W manewrach wojskowych „Baltic Host” obejmujących Litwę, Łotwę i Estonię oficerowie sztabów ćwiczą scenariusze okazania wsparcia przez państwo przyjmujące siłom szybkiego reagowania (ARRC). Z kolei sztab dowództwa w ramach manewrów „Arrcade Fusion” ćwiczy dyslokację sił szybkiego reagowania w krajach bałtyckich i dowodzenie operacjami bojowymi.
„Te dwustronne manewry są bardzo ze sobą związane, ponieważ siły szybkiego reagowania nie mogą być dyslokowane bez odpowiedniego wsparcia strony przyjmującej” – mówi generał Vilmantas Tamošaitis.
Według scenariusza ćwiczeń, w którym nazwy państw bałtyckich i sąsiednich są nieco zmienione, w warunkach pokojowych Litwa, Łotwa i Estonia stykają się z wyzwaniami tak zwanej wojny hybrydowej – kampania informacyjna wrogiego państwa roznieca niepokoje, wywołując brak zaufania mieszkańców wobec władzy, a to powoduje wybuch zamieszek ulicznych i idące za tym wyzwania humanitarne.

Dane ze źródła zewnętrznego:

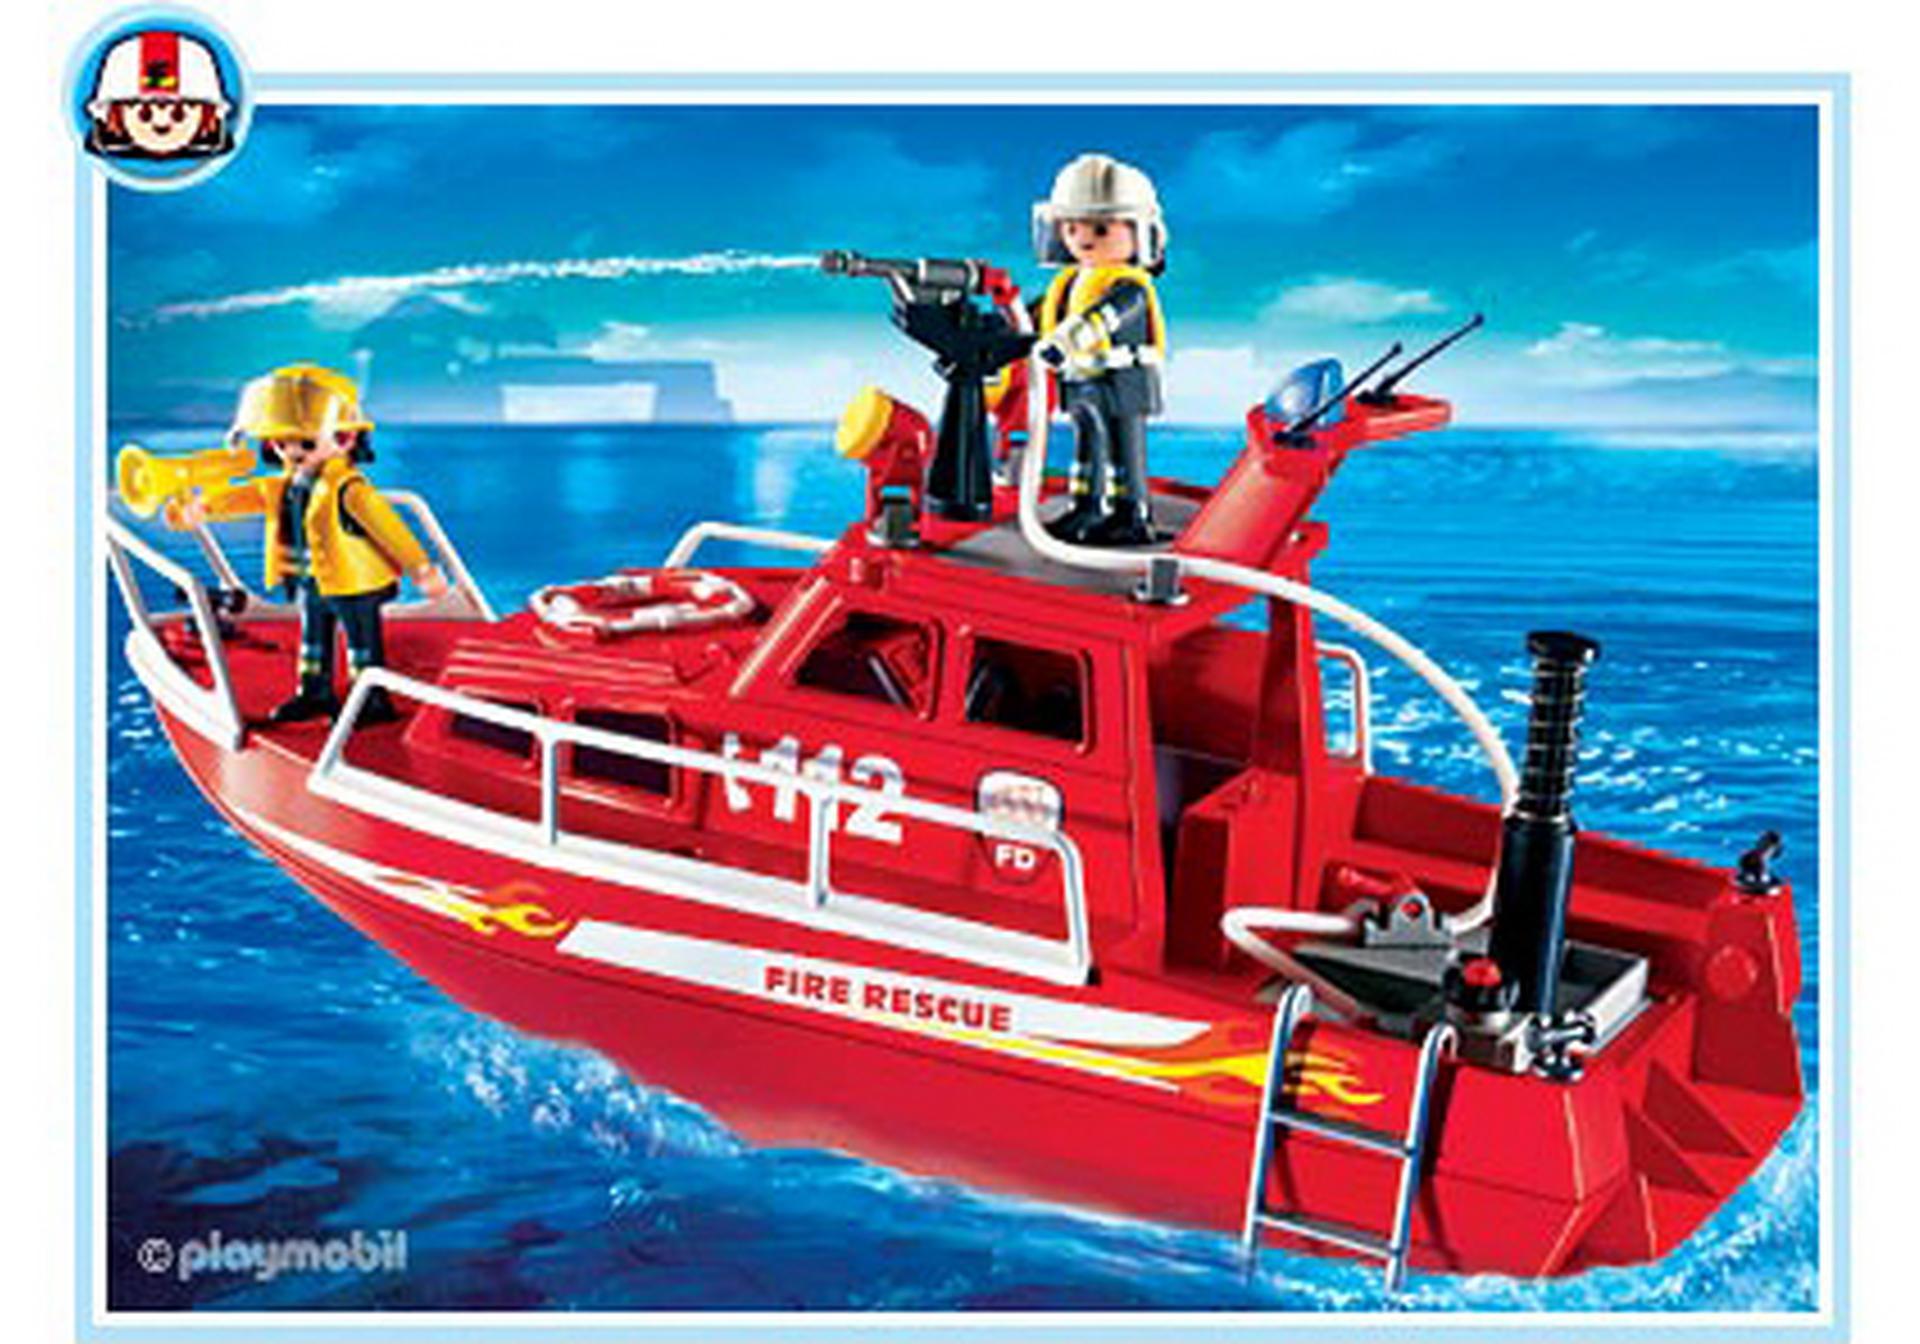 pompiers sauveteurs bateau 3128 b playmobil france. Black Bedroom Furniture Sets. Home Design Ideas

Zdaniem wojskowych scenariusz przygotowuje do najróżniejszych wersji wydarzeń i jest sygnałem dla każdego potencjalnego wroga.
„Najważniejszym wyzwaniem dla NATO jest przygotowanie do przyszłych misji, jest to także polityczny sygnał dla dowolnego wroga, nieważne, czy znajduje się on na wschodzie, czy na południu” – powiedział dowódca sztabu ARRC generał Torsten Gersdorf.